Pressure is mounting on Latrobe City Council to secure funding for a sports pavilion at Churchill’s synthetic sports pitch.
On Tuesday Latrobe Valley Hockey Association and Federation University representatives briefed Churchill residents and members of the Churchill and District Community Association about future concept plans and the pitch’s lack of facilities.
Latrobe City Council has committed and completed $50,000 consulting plans to construct the estimated $1.1 million pavilion, including two change rooms, storage, a canteen facility and office space, but funding for construction has yet to be secured.
LVHA spokeswoman Linda Reid said the pitch was a regional facility, but a lack of change rooms, which had forced players to change in cars and the nearby bus shelter, was holding it back.

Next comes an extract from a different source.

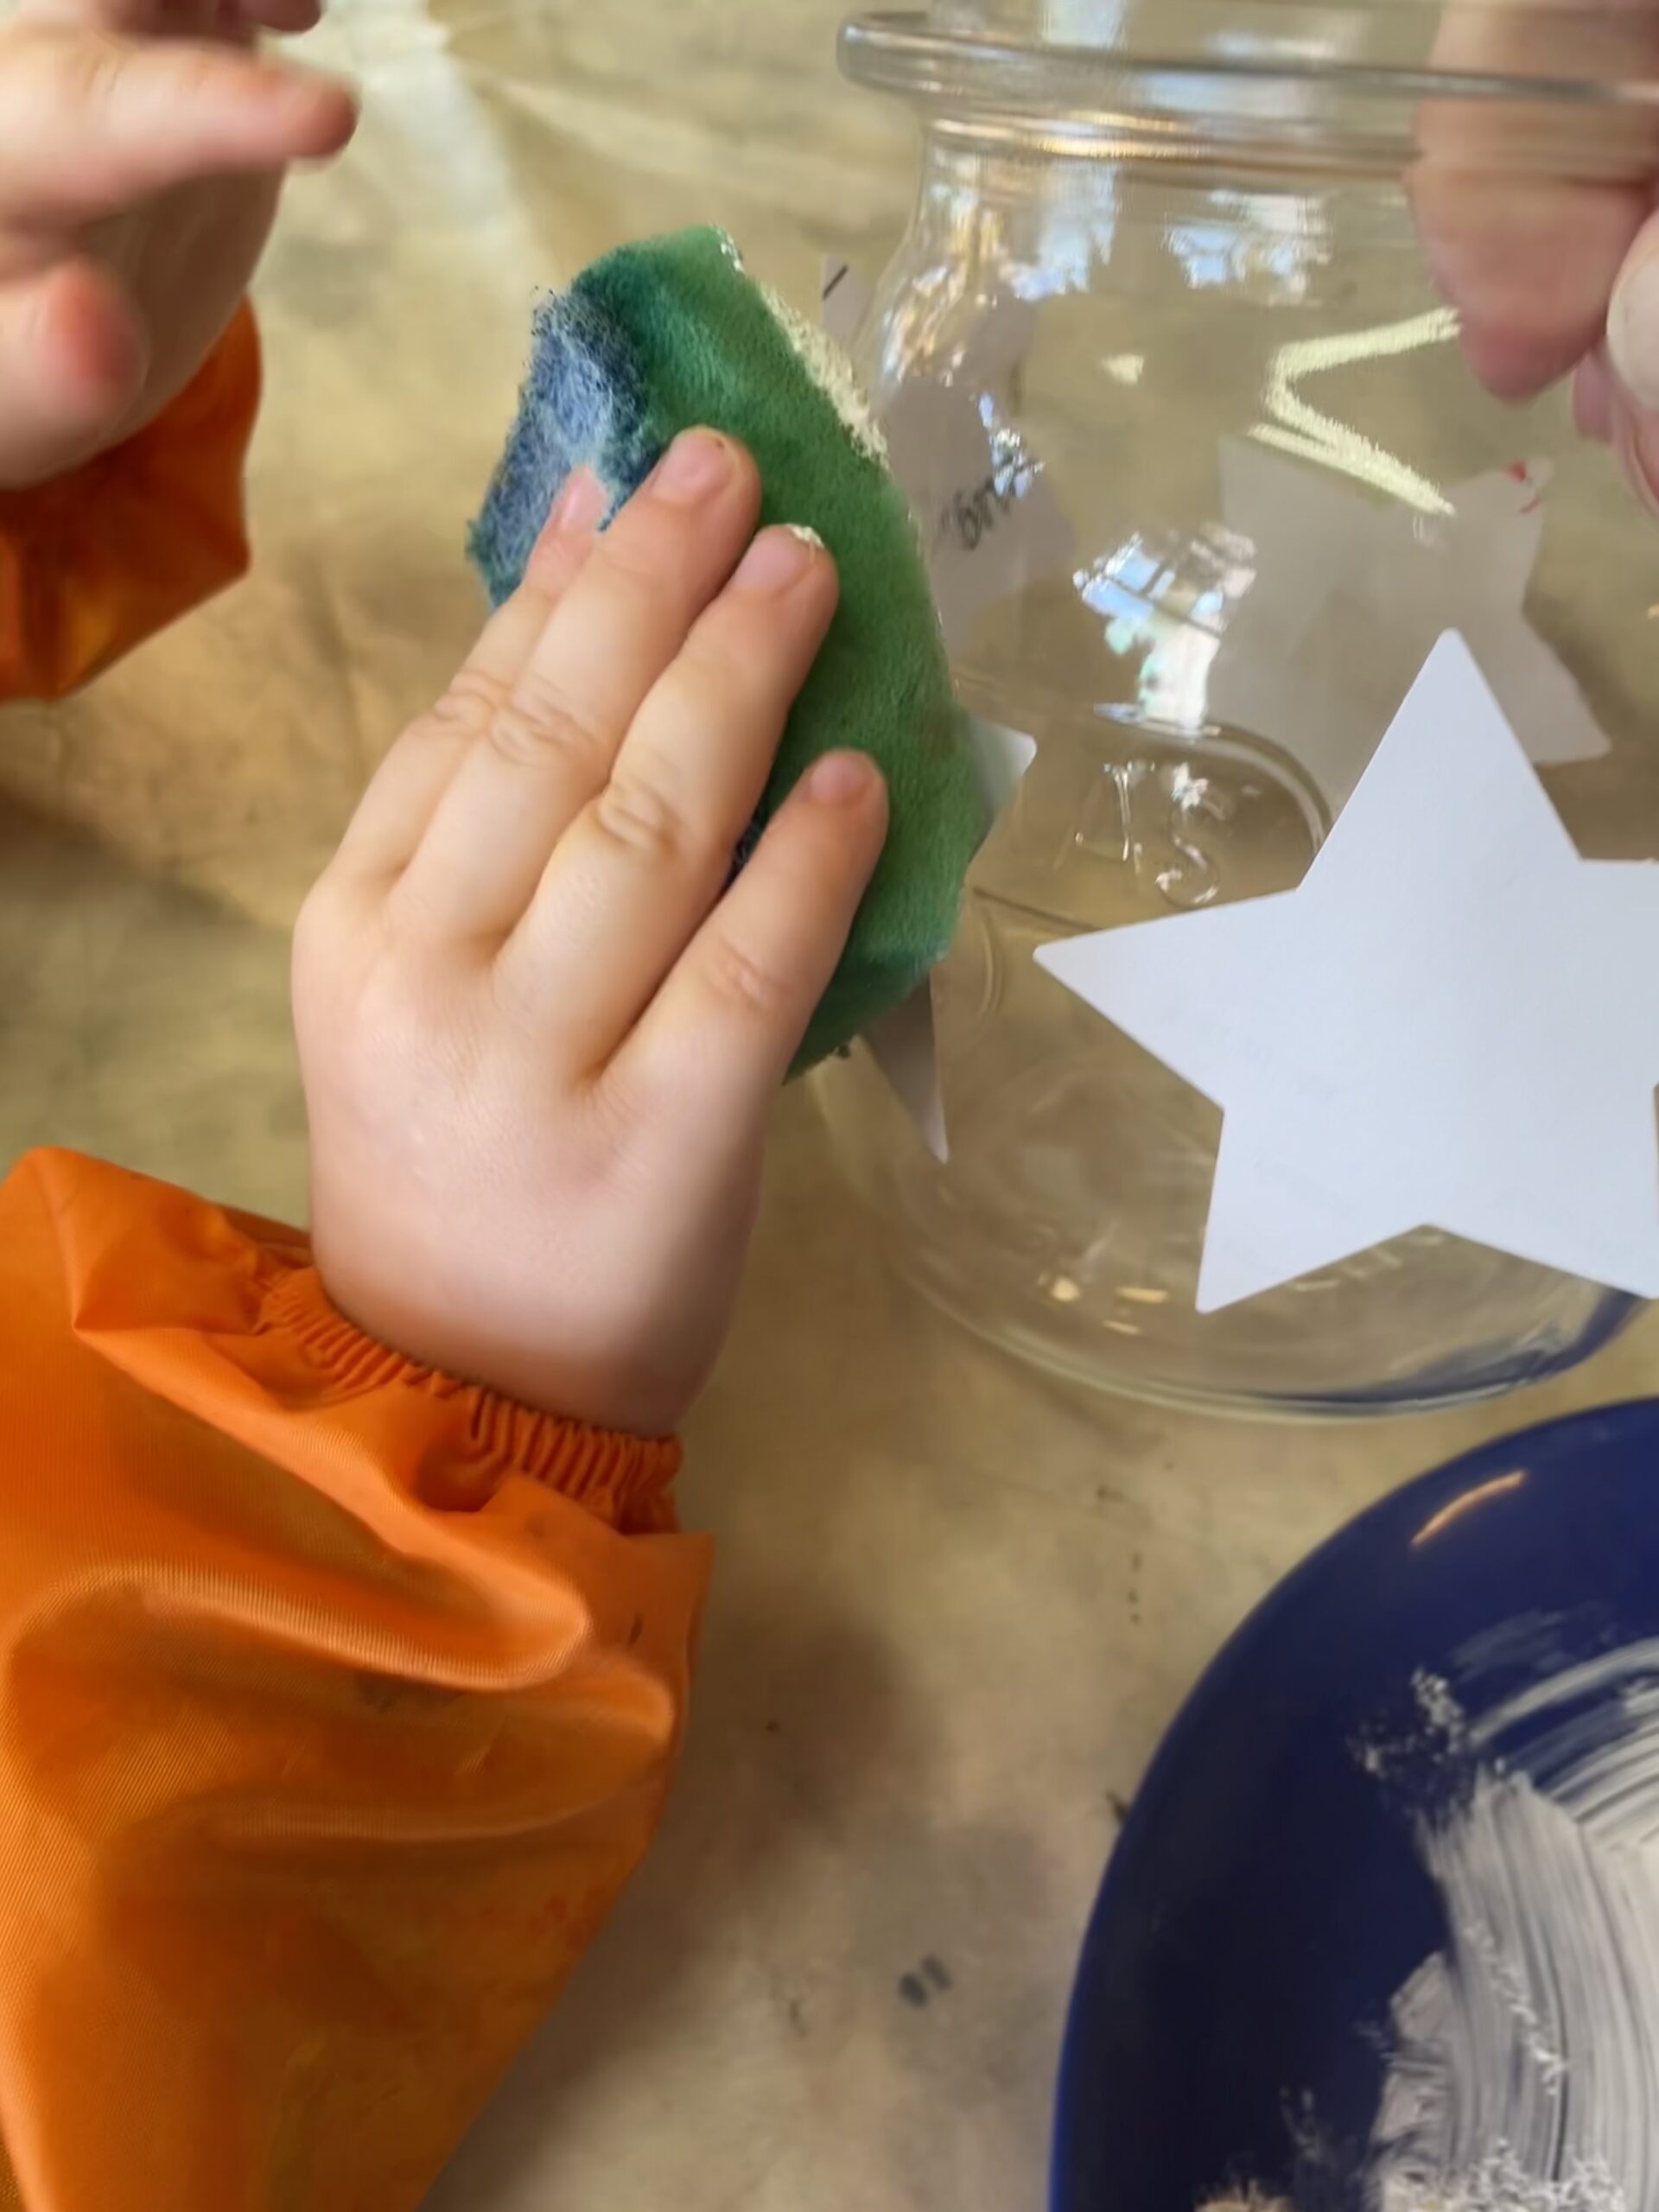 Bild zum Schritt 7 für das Bastel- und DIY-Abenteuer für Kinder: 'Gebt kleineren Kindern Hilfestellung beim Halten des Glases.'

“Latrobe City Council made a commitment to build a pavilion and prioritise it for funding opportunities, but that hasn’t happened,” Ms Reid said.
“We wanted to give the Churchill community an update on what’s happening, why they’ve got this fantastic regional sports facility, with no (amenities), despite commitment from Latrobe City to deliver.”
Ms Reid said the association was not asking for an upgrade, just basic facilities.
“We have 180 players on a Saturday and Sunday. Students at Federation University use it as well; it’s not only used by club matches,” Ms Reid said.
“We had the under eight championship there and had no shelter for them, with people coming from Orbost, Inverloch, Sale and Maffra.”
FedUni Gippsland campus manager and executive officer Alan Scarlett stressed it was more than a hockey pitch, but a synthetic sports field, used by university soccer teams and Churchill United Soccer Club.
Mr Scarlett said from the university’s point of view the project “wasn’t urgent”, but hoped to use the pavilion as an instruction space for a sports science program offered in 2016.
He said the university had also promised to commit $200,000 to the $1.1 million estimated project.
“For us, that’s an important deadline and we could probably get by without it, but the hockey association uses it every weekend,” he said.
“To fully realise the potential as a regional facility, what it’s designed for, the council are aware and Hockey Victoria are aware that to be one of the regional facilities you can’t do that without change rooms.”
Latrobe City Council infrastructure development acting manager Luke McGrath said the pavilion’s detailed design had been completed and the next step would be to attract external funding to build the project.
“The plans are at a stage where funding can be sought,” Mr McGrath said.
He said he could not make any predictions about the future decisions of council, but it took on board requests from many different groups and had to balance competing priorities.